Is this consistent with what the paper recommends? This looks okay, just checking.

That's a good catch. The official repo actually used 1280 here, which is kind of an odd number.

yifanmai · 2024-12-03T21:21:55Z

src/helm/benchmark/annotation/bigcodebench_annotator.py

+        self.split = "instruct"
+        self.subset = "full"
+        self.pass_k = "1"  # Original: "1,5,10"
+        self.is_macro = True


name this something more descriptive (what does "macro") mean?

addressed in the latest change

now using "use_global_metric"

yifanmai · 2024-12-03T22:27:49Z

src/helm/benchmark/annotation/bigcodebench_annotator.py

+            max_retries = 3
+            retry_count = 0
+            success = False  # Flag to indicate if the operation was successful
+            while retry_count < max_retries:


Use @retry instead, which will also handle backing off. You can pass the number of retries as an argument to that decorator.

addressed in the latest change

yifanmai · 2024-12-03T22:29:03Z

src/helm/benchmark/annotation/bigcodebench_annotator.py

+
+        with TemporaryDirectory() as tmpdir:
+            # with open(f"{tmpdir}/result.jsonl", "w") as file:
+            with open(f"tmp_result.jsonl", "w") as file:


Any reason you need to write to disk instead of just keeping a buffer in memory - does Gradio need this, or is the request too big to keep in memory?

It's easier to use a file with Gradio, I tried to avoid the writing but it seems much less straightforward.

yifanmai · 2024-12-03T22:31:37Z

src/helm/benchmark/annotation/annotator.py

@@ -20,6 +20,11 @@ def annotate(self, request_state: RequestState) -> Any:
        that are implementation specific."""
        pass

+    def annotate_all(self, request_states: List[RequestState]) -> Any:


If the function is a mutator, the return type should be -> None.
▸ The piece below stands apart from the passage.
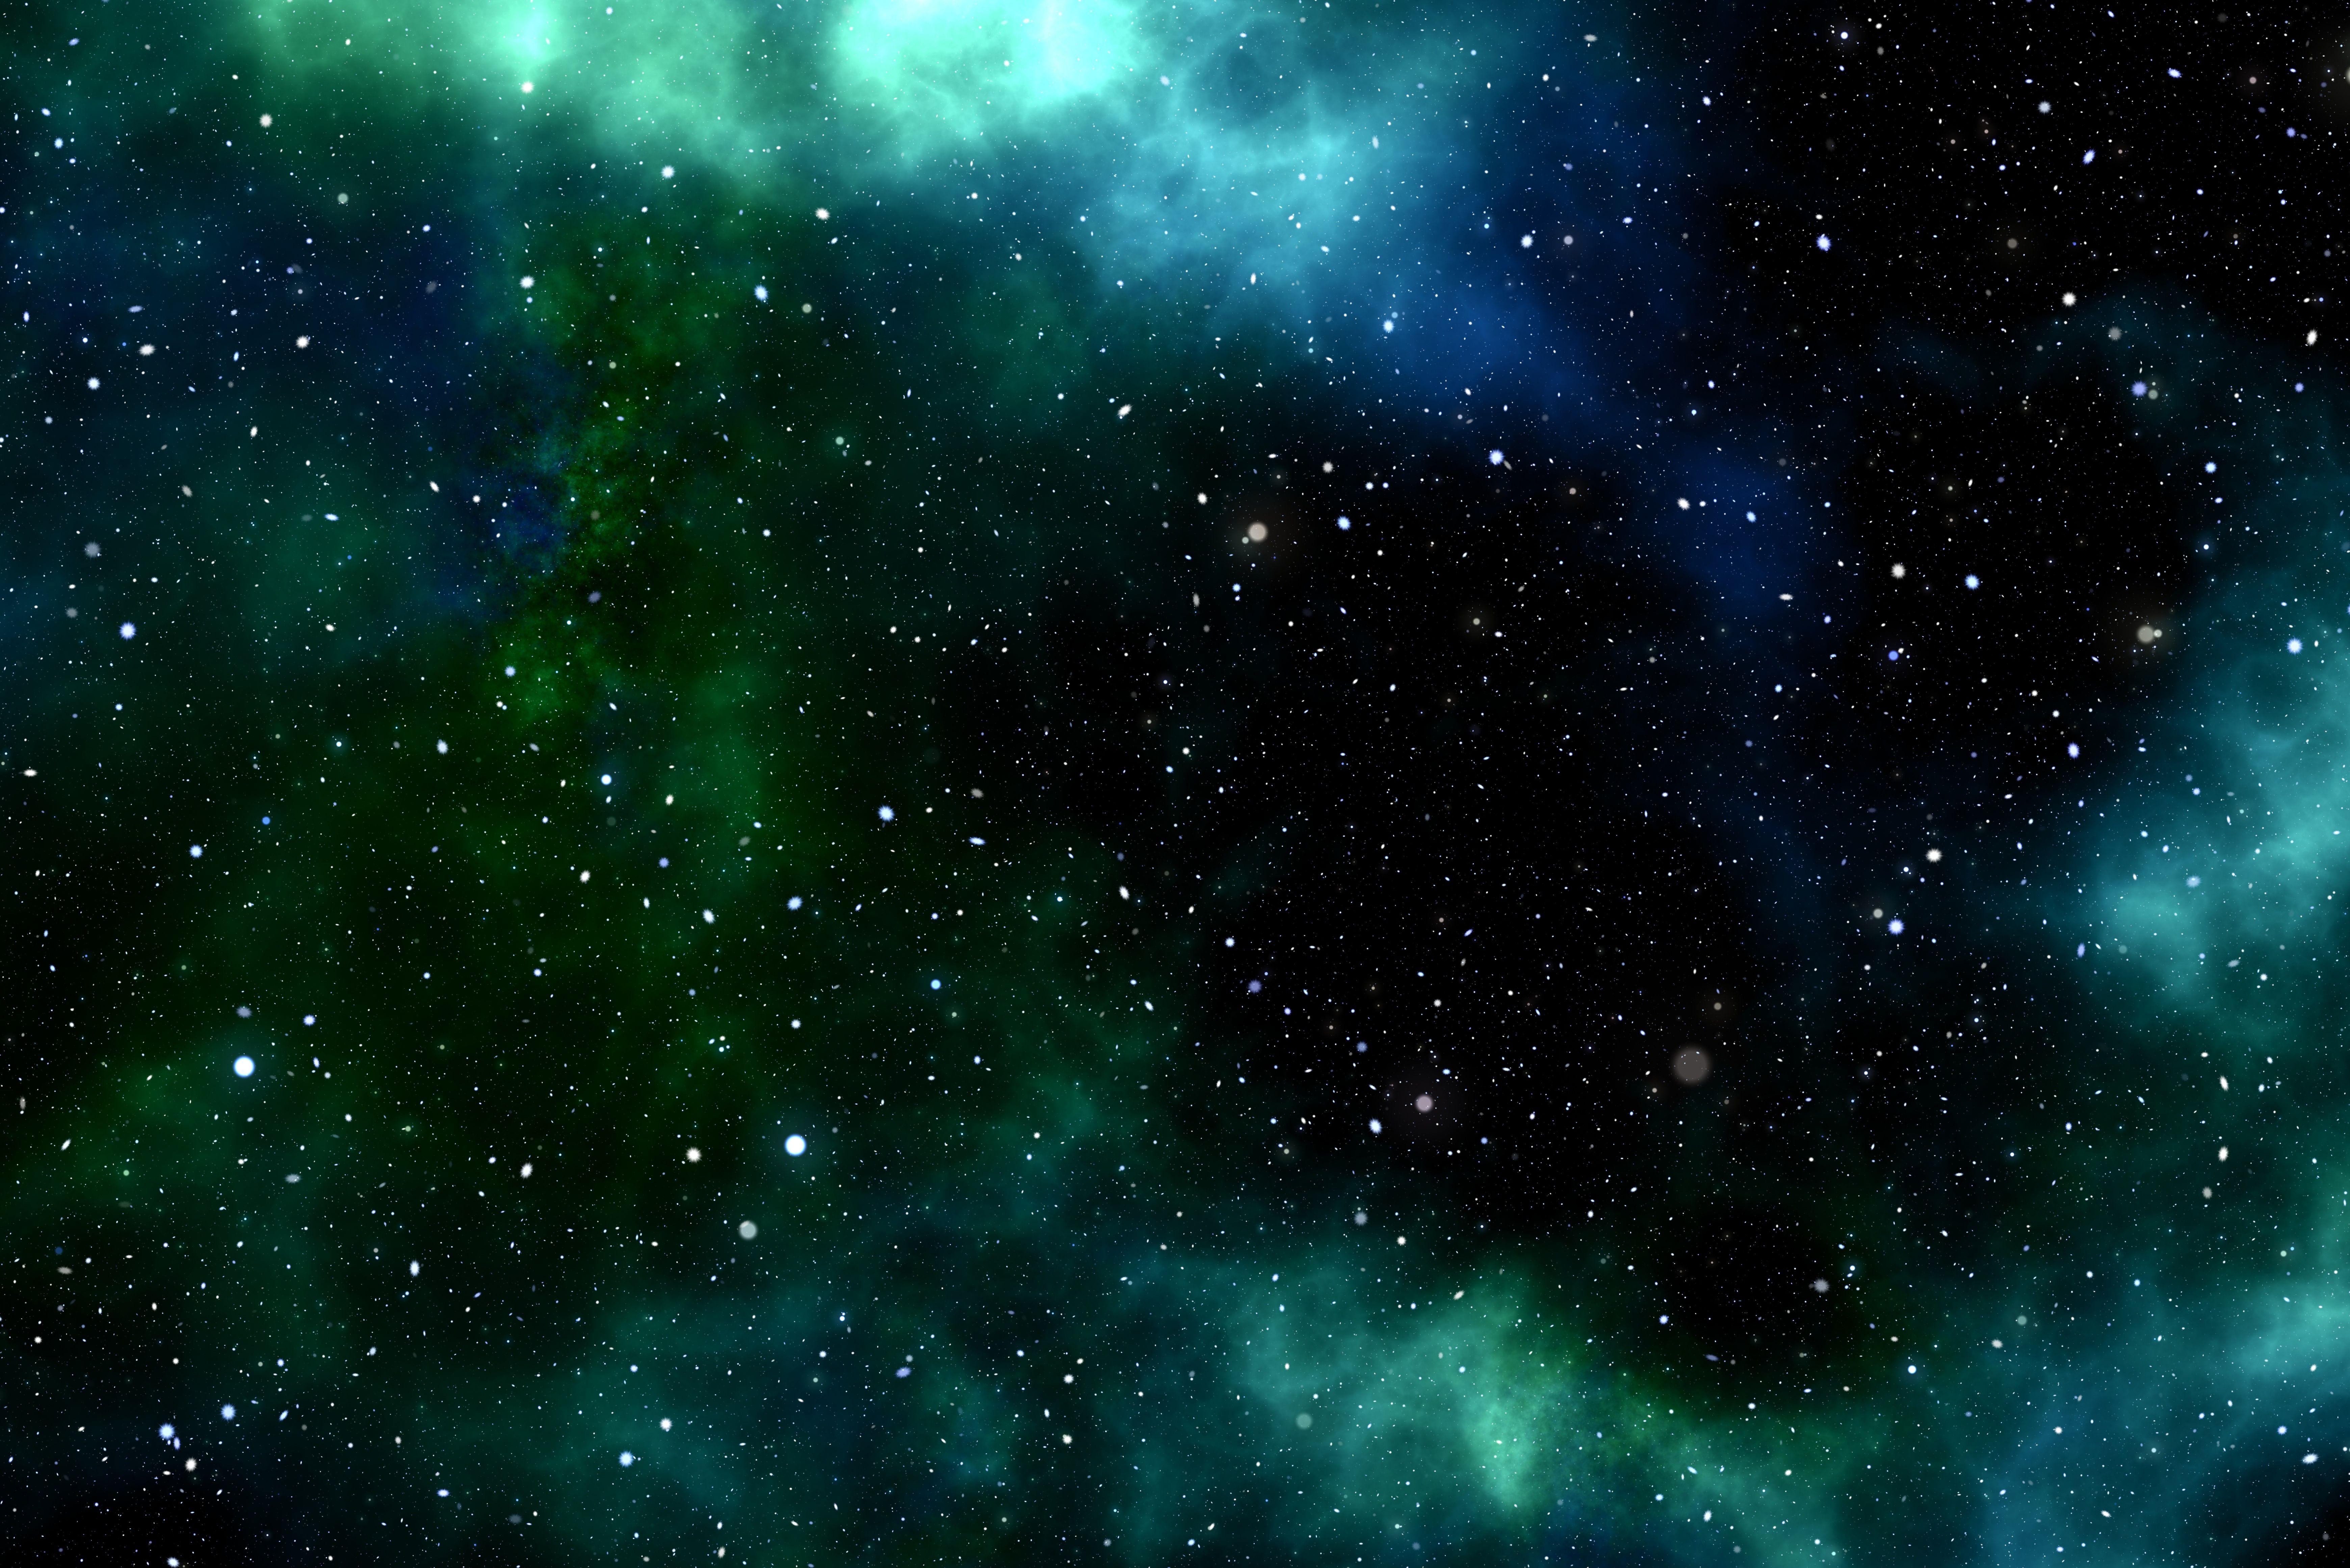 Green- Galaxy Background VIII by Stitchesss13 on DeviantArt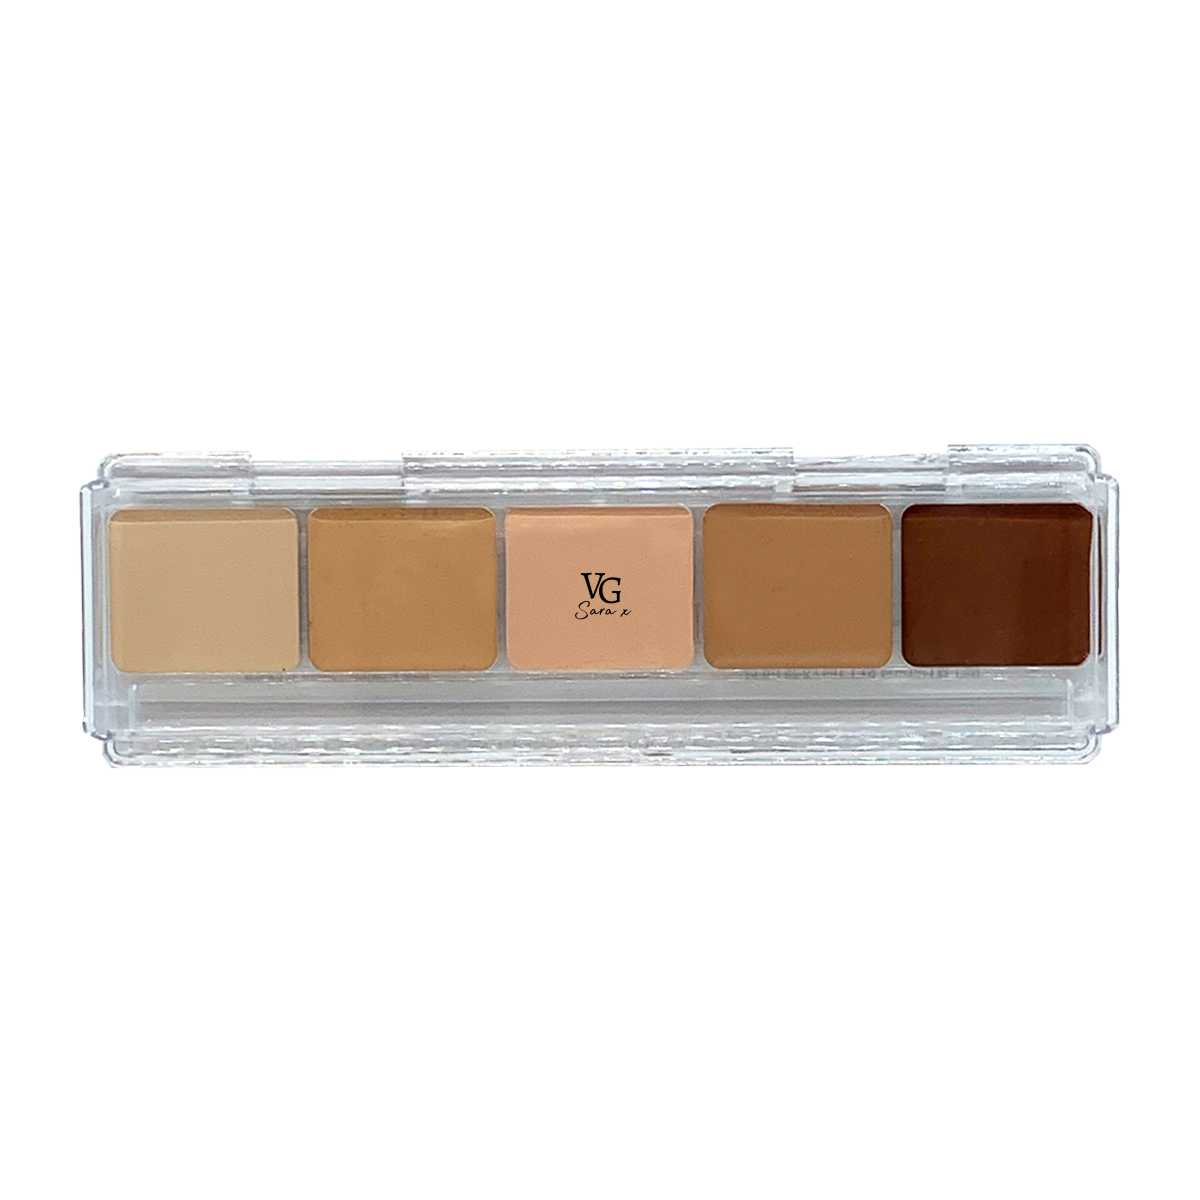 Beige to light brown vegan concealer hues in the V-face palette

Or you can make this return a list of annotations (specify the actual type rather than Any).

Currently making this return a list of annotations and modified the typing to -> List[Dict[str, Any]], are there any specific annotation types that should be used? or should I create a new class for annotations?

yifanmai · 2024-12-03T22:32:46Z

src/helm/benchmark/annotation/bigcodebench_annotator.py

+                hlog("Failed to complete the operation after 3 attempts.")
+                pass_at_one = 0.0
+
+        return {"pass_at_one": pass_at_one}


Doesn't seem right - this code seems to get the score for a single instance?

this is changed in the latest change. It returns a list of instance-level annotations now.

yifanmai · 2024-12-03T22:33:31Z

src/helm/benchmark/annotation_executor.py

+                annotations[annotator.name] = new_annotations
+        except Exception as e:
+            raise AnnotationExecutorError(f"{str(e)} Request: {states.request}") from e
+        return [replace(state, annotations=annotations) for state in states]


Doesn't seem right - this code seems to set the same annotation across all instances? You probably need to unpack the scores for all the instances from the response.

changed to map the instance level annotations to the request states.

yifanmai · 2024-12-13T18:24:50Z

src/helm/benchmark/annotation/bigcodebench_annotator.py

@@ -0,0 +1,110 @@
+


nit: remove leading newline.

yifanmai · 2024-12-13T18:26:18Z

src/helm/benchmark/annotation/bigcodebench_annotator.py

+                    line: str
+                    model_output_text = request_state.result.completions[0].text
+                    solution = code_extract(model_output_text)
+                    escaped_solution = json.dumps(solution)[1:-1]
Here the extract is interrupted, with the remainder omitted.